Todos os dias dormia fatigada pelo trabalho, acordava e via nada
nada via porque ali não havia nada para servisse ver
mas sobressaltada que estava dizia a  si mesma que se tratava de algures, outros olhares
corria ao,portão, na rua, no chão, não  tinha  nada que lhe restituísse a calma
trabalhava dia após dia numa semiescravidão
-eu sou a lua  da noite eu sou a rosa do dia, dizia isso em pleno meio-dia
e só assim podia ser, seus fantasmas do passado, suas angústias do presente
o pressentimento de que algo maior a requeria, o portão batia mas na rua nada via
seu quintal agora imenso pedia sua proteção, as folhas a queriam, o muro era dela e ela não sabia
Assim, passados anos de valentia frente ao que não conhecia, assim vivia, não distinguia realidade de ficção
seus imensos olhos de ternura na noite escura procurava por barulhos, mas só se ouvia ao longe o ruído de carros, risos em outras freguesias, festas pobres e caras com cara de gente rica, gente mal vestida fingindo ser feliz
cada vestido que vestiam assoavam-lhe o nariz
a solidão carrega flores de plástico para novas eras, novos mundos que  tanto quis e já não era
de muito só que estava não fazia comentários com as sombras que riam, não procurava ir ao sol
porque  já o desconhecia
as paredes de concreto armado era seu favorito braço em um barracão pequeno, virado, armado  de traça
em uma favela de prédios imensos, feitos de ossos que tagarelavam e nada, de muitas mágoas, e dinheiro que só se gasta quando se espera  o fim de um sórdida piada
O marido desaparecera na compra  do cigarro, os filhos só diziam olá uma vez por ano
o bichano, ela não sabia se era verdade que existia, mas ali estava e sumia ela ou o bichano
só se viam a toda hora em todo engano dado por falsas impressões
não sabia mais quem era, isso já não tinha importância, separada pelo tempo dos que amava
sozinha no quarto onde estava, era o seu mundo, se tudo, sua capa de riso e fúria, sua passagem sem volta pela loucura
quando o dia amanhecia, saía de um lado, revirava o corpo e saia mais uma vez para ver quem de fato existia
Uma dia escuro de nuvens frias a levou, e sua alma junto com o bichano para o céu voou
em sua casa agora de lua, em sua nova madrugada fez de vez da solidão sua nova namorada.
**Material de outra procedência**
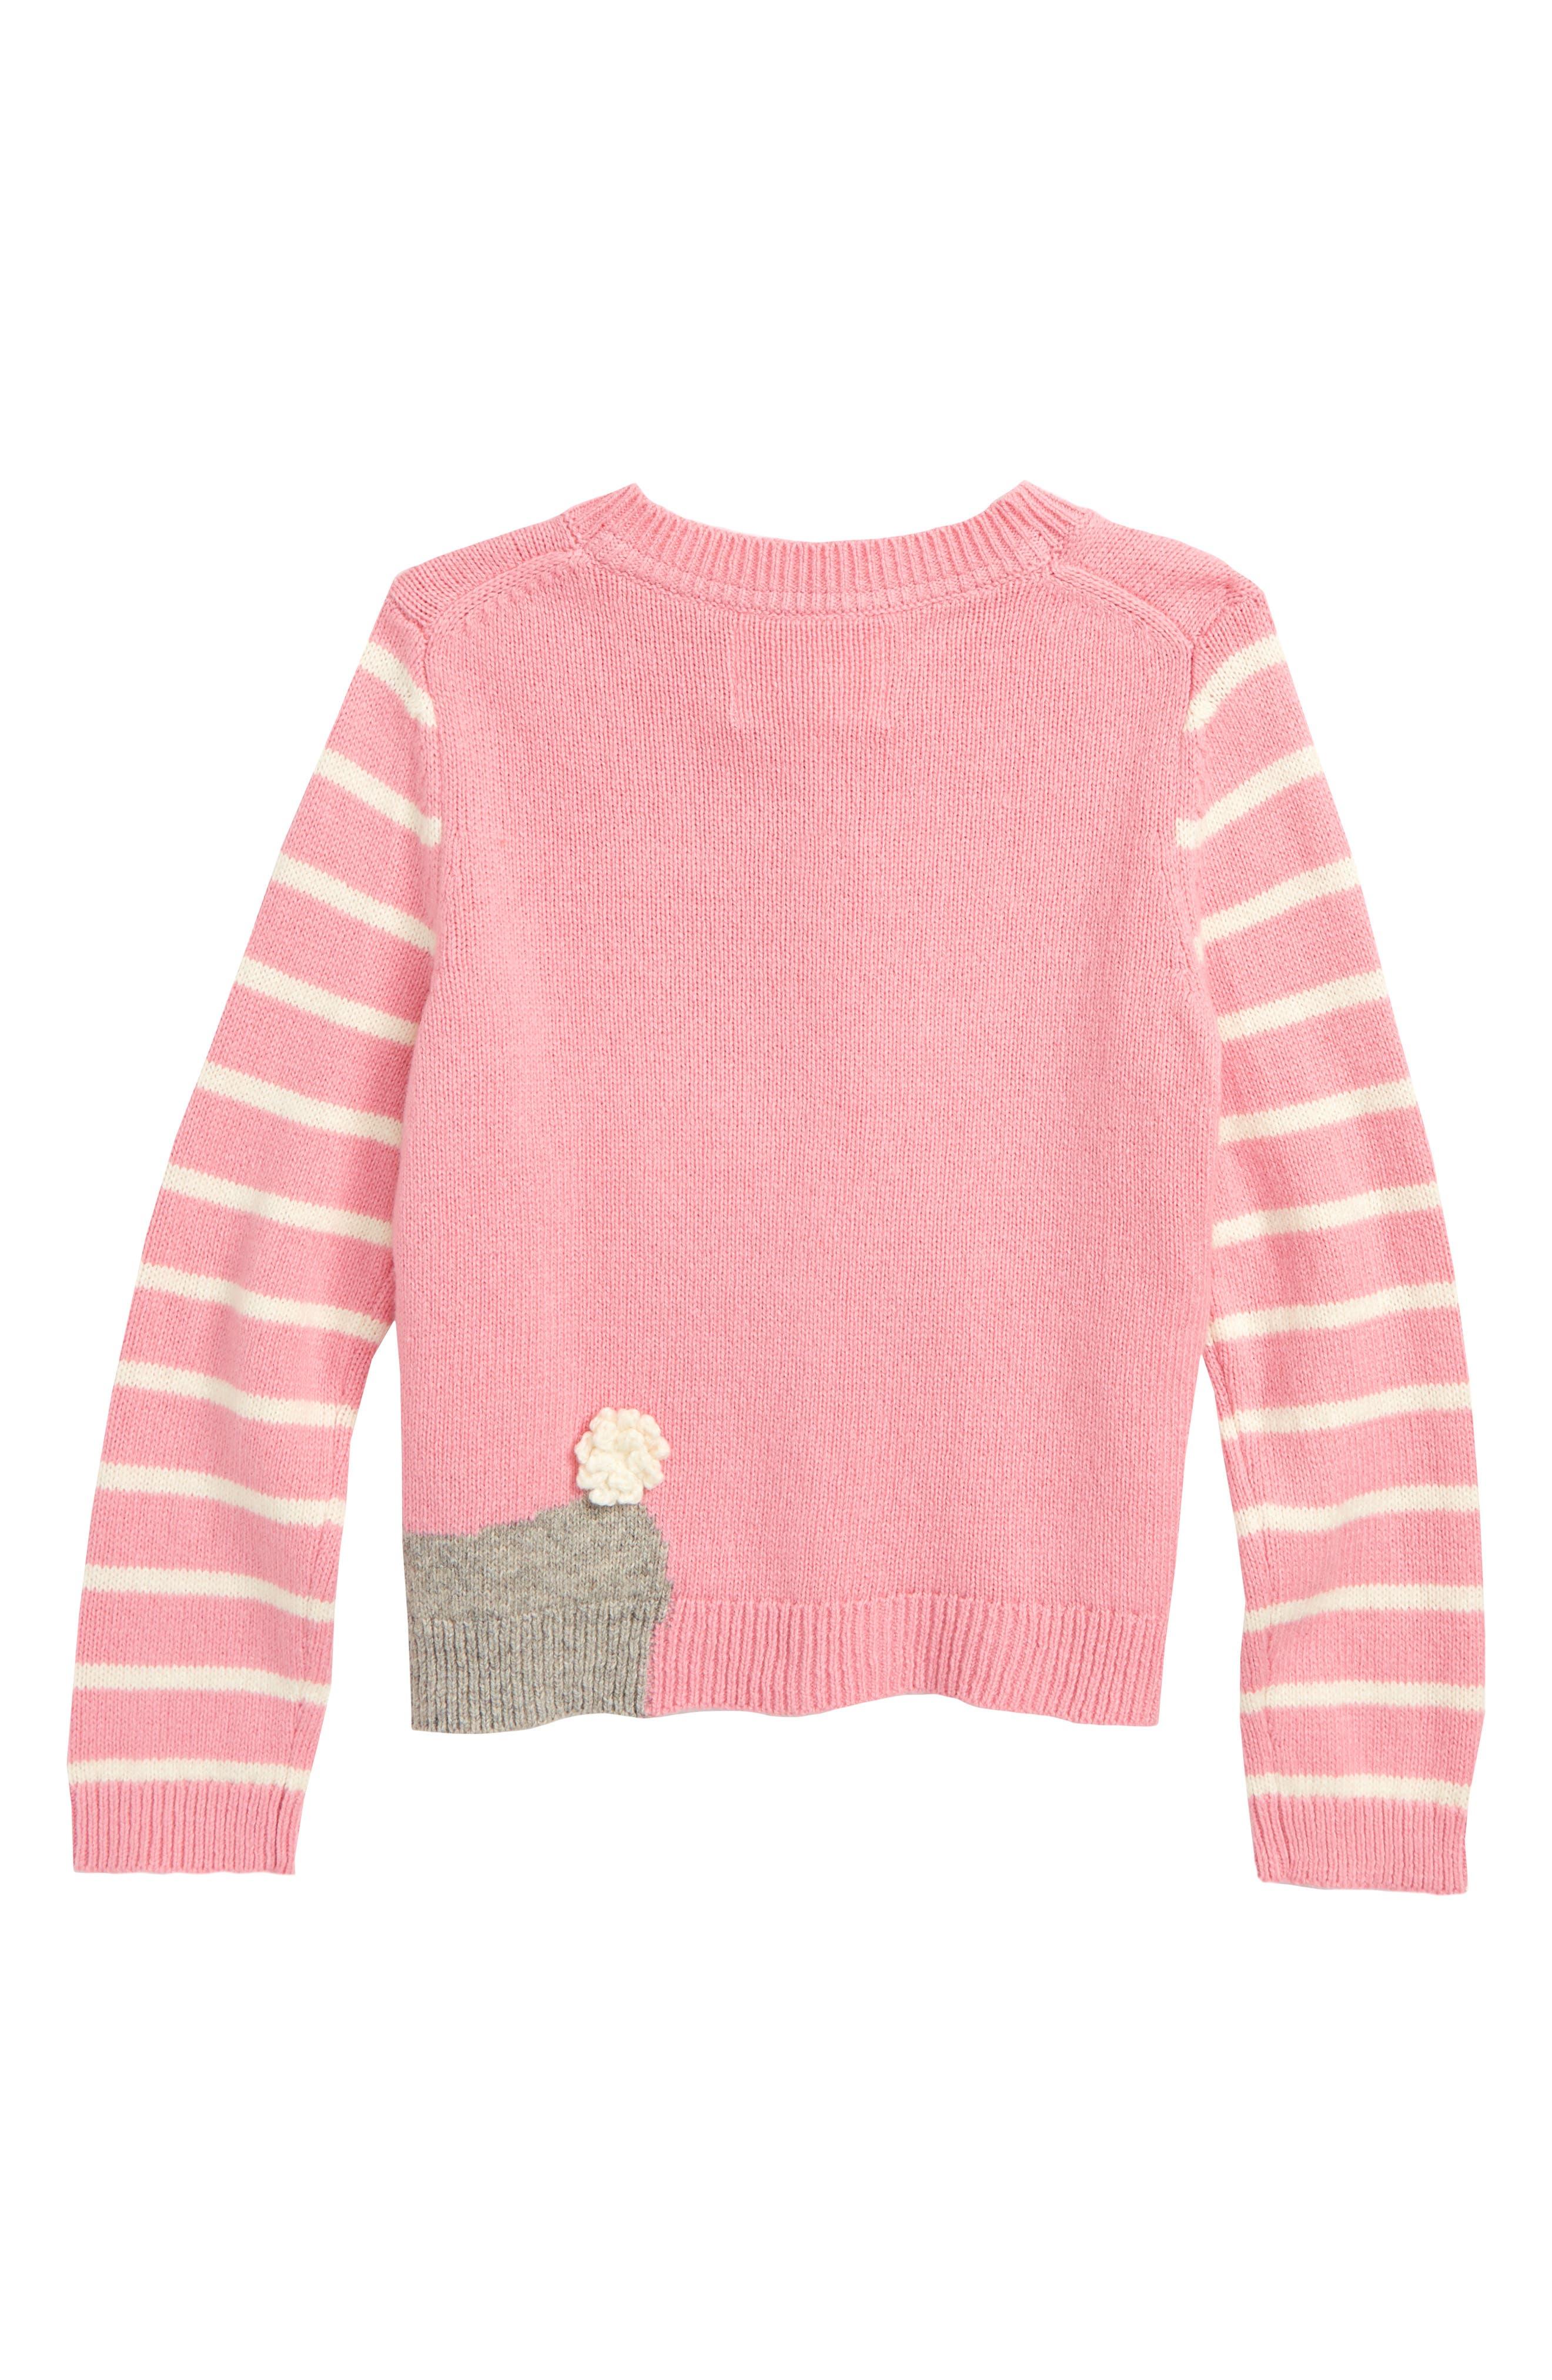 Pet Knit Cardigan,                             Alternate thumbnail 2, color,                             PNK FORMICA PINK POODLE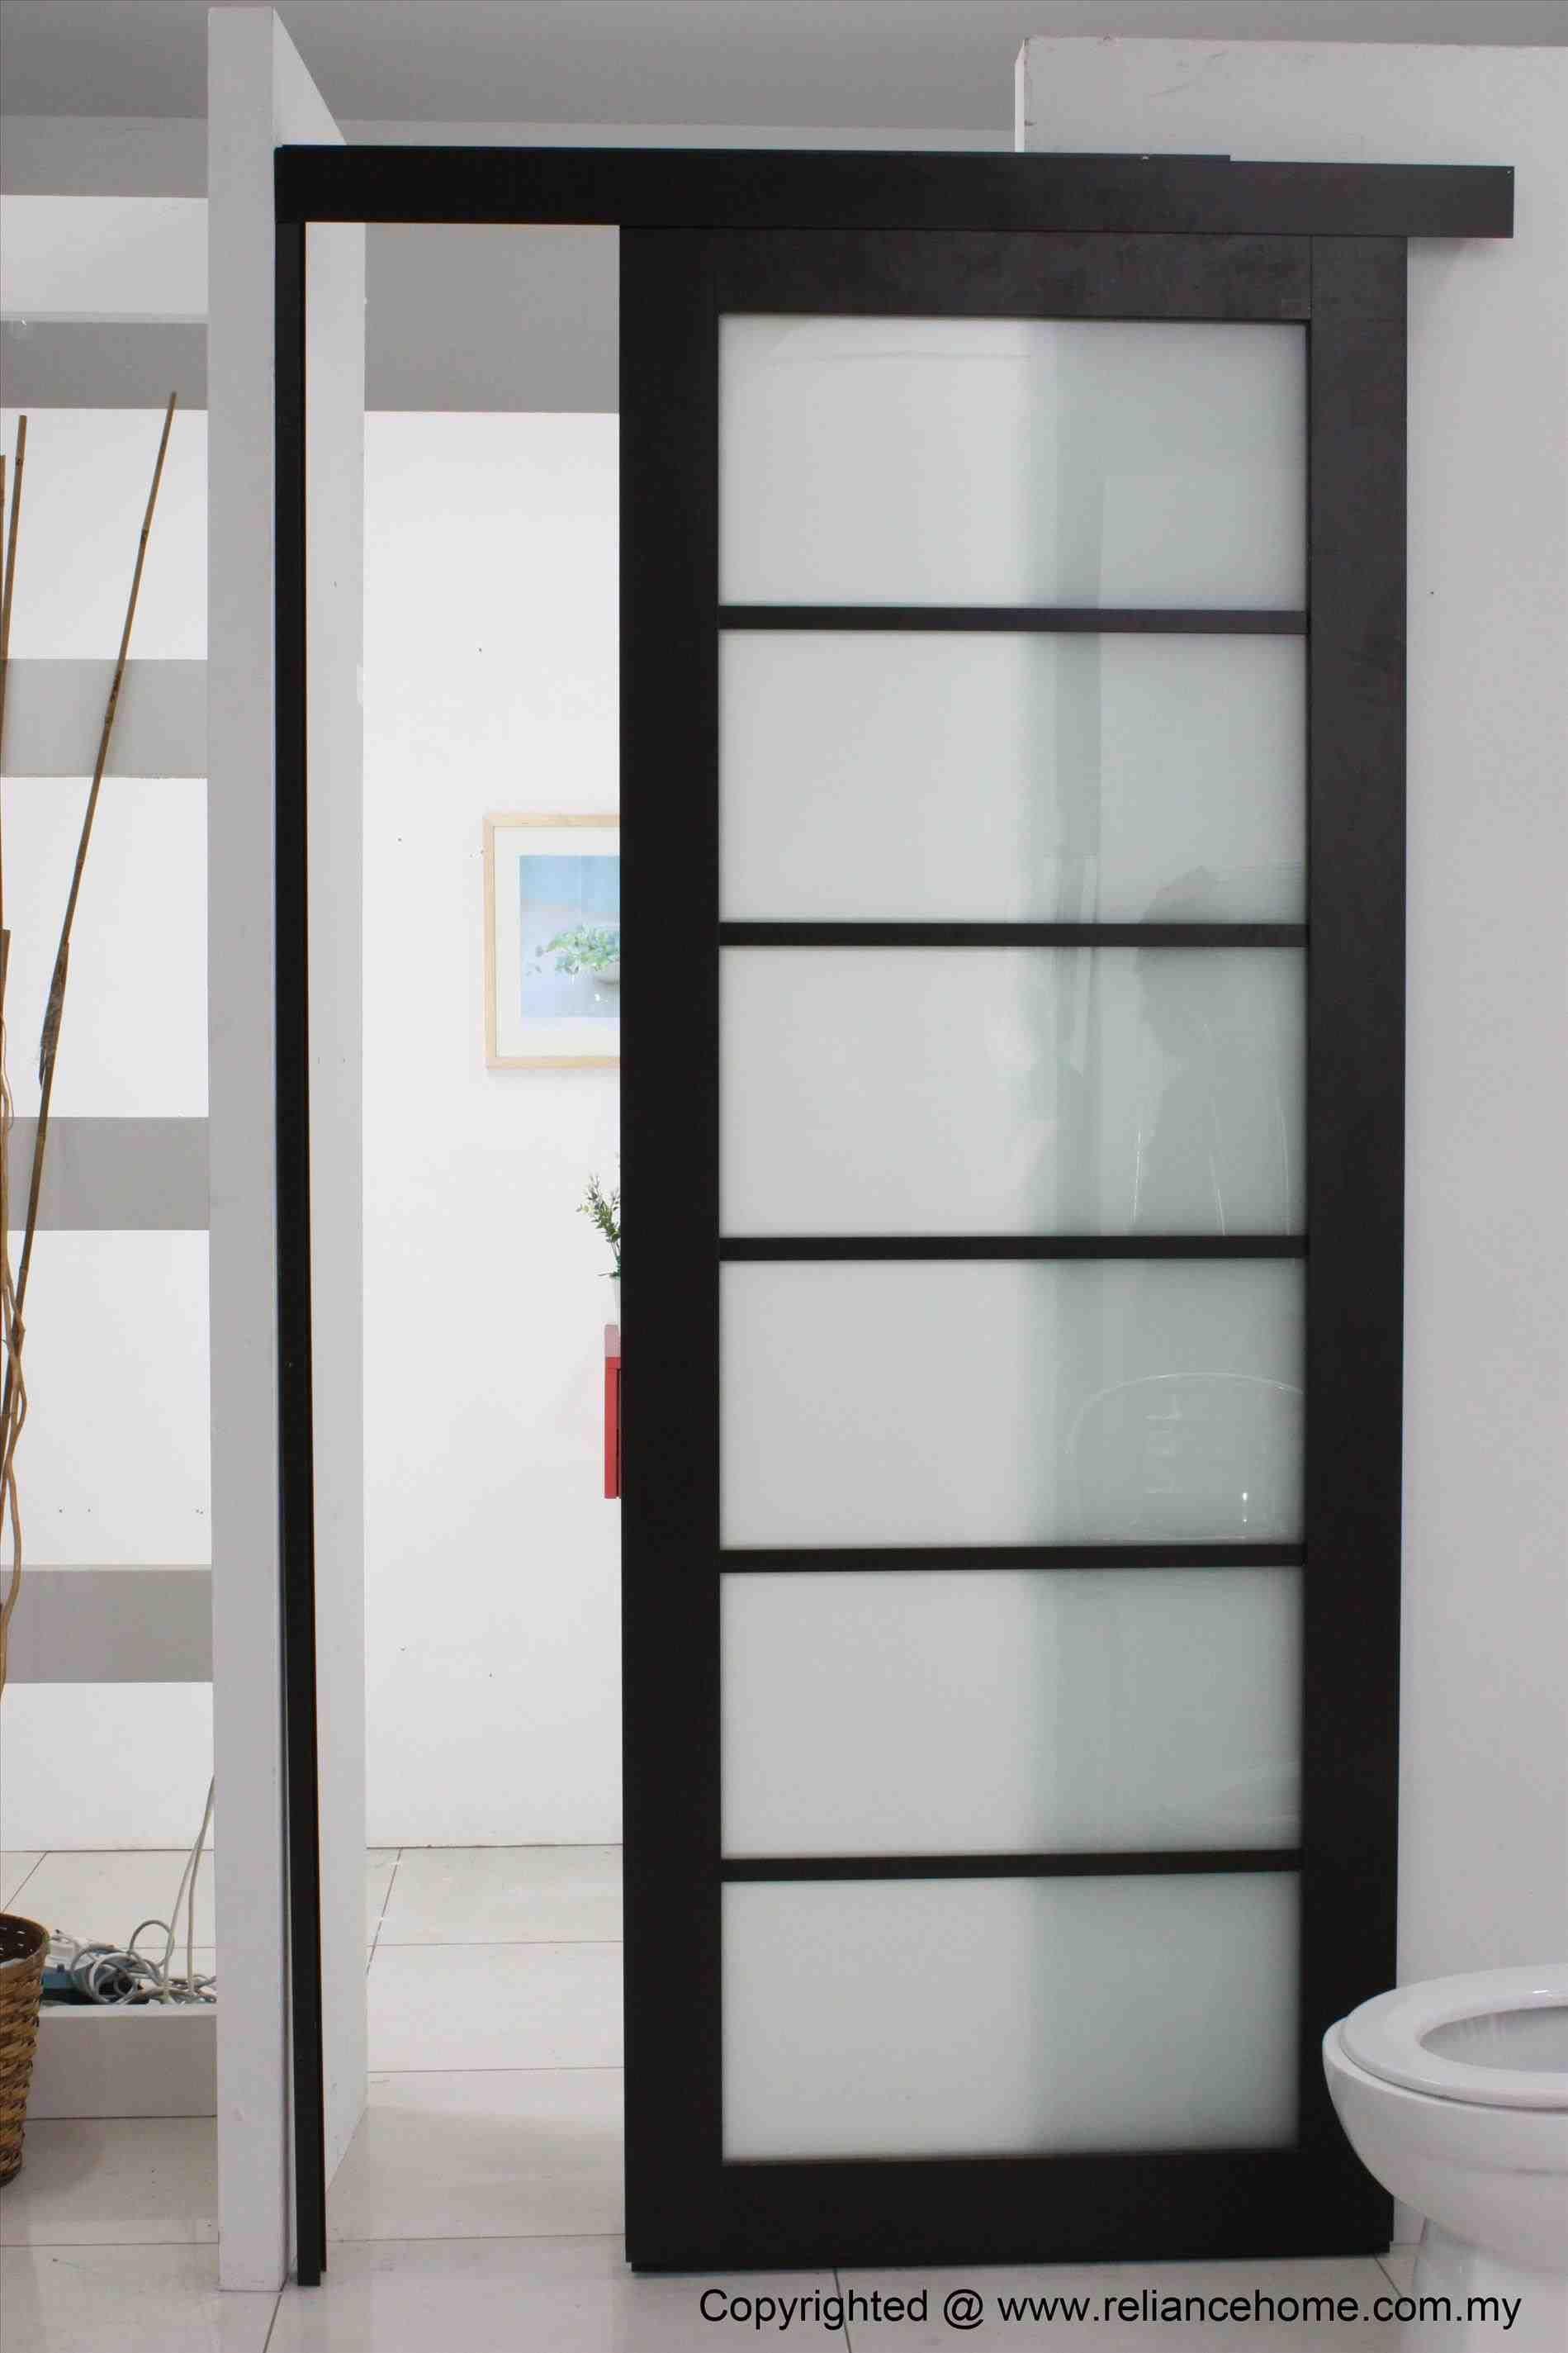 This bathroom plastic door designs - cabinet:medicine cabinet with

segunda-feira, 4 de agosto de 2014

A RAIZ

A raiz perfura a terra em busca de segurança, a raiz da planta é semente de tentáculos partitura ainda criança
e na palma do chão realiza seu modelo de fórmula da invenção
a raiz dança em um movimento  que não se percebe, quase imóvel sabe que o seu tempo é imenso, enorme
a raiz inaugura a terra fofa, dá a desforra dos vegetais, silencia o mundo quando viva está no fundo deste quintal
As pedras se apresentam inimigas, mas as contorna como água de dique que lentamente explode
não há liberdade debaixo da terra, nem felicidade que se encontre em qualquer era sem nome
estrela da terra, o contrário do sol, mãos subterrâneas a criar grandes antenas de esperança caracóis
vieste do pó e ao pó voltarás- a raiz nem sabe disso, a raiz da planta é um guizo a rir em árvore nova
trata de assuntos correlatos com minhocas, conhece o tatu e por isso não o toca

a raiz é a própria toca do tatu, ela sabe de outros túneis de terras, outros tabus
a raiz agora já atinge seu ápice, a raiz traz em si o nome que lhe cabe, que lhe compete a arde
o mundo voltas dá em torno do olhar humano, grandes construções de concreto criam raízes
em seus pérfidos narizes, em sua boca matizes, em seu entorno me dizes que o prédio copia a planta
A raiz pretende a china , calcula o tempo que lhe cura a sina
a raiz ri da gente pois gera em nós o descontente porque de fato não nos contentamos em ser donos do mundo; tão humanos, e quando perecemos, dormimos ao lado dela, a razão humana no ponto de vista da raiz não presta, não lhe serve para nada, raízes debaixo da escada
pensa consigo a raiz em sua razão desconhecida, pensa no que haverá de nova vida, vê então os dias passar e em suas pernas pelos verdes que desatarão o mundo
olha a raiz adolesceu,sofreu de desesperança, chorou qual se cansa e vê que não é mais a que procura o mundo vermelho, saem-lhe verdes gotas dos joelhos.
do lado de cá uma planta nasceu, inda era madrugada quando enfrentou a lua cheia e formou-se, destacou-se, esse seu outro lado também procura o céu, como nós todos todos os dias em vão procuramos e de nós saem novos ramos, novas constelações de fel.se abrem como folhas e flores
a planta é a casca da raiz, sendo então seu outro lado, fica toda aparência e experiência do vento
a planta sente vergonha da raiz e faz confidências com borboletas
pode-se dizer que a raiz é a roupa suja que encanta,
os dias passam e a raiz não chegou  à China, mas como não pensa e não sofre, lentamente se desenvolve
até que um estúpido que pensa que pensa dá-lhe uma enxadada, raiz e planta agora já não mais vivem
raiz e planta secam e virarão fogo e subirão aos céus, se tornarão uma e outra nuvem de papel
E nova mente descerão ao solo sob forma de intensa chuva, para criar novas raízes, menos falsas, mais profundas.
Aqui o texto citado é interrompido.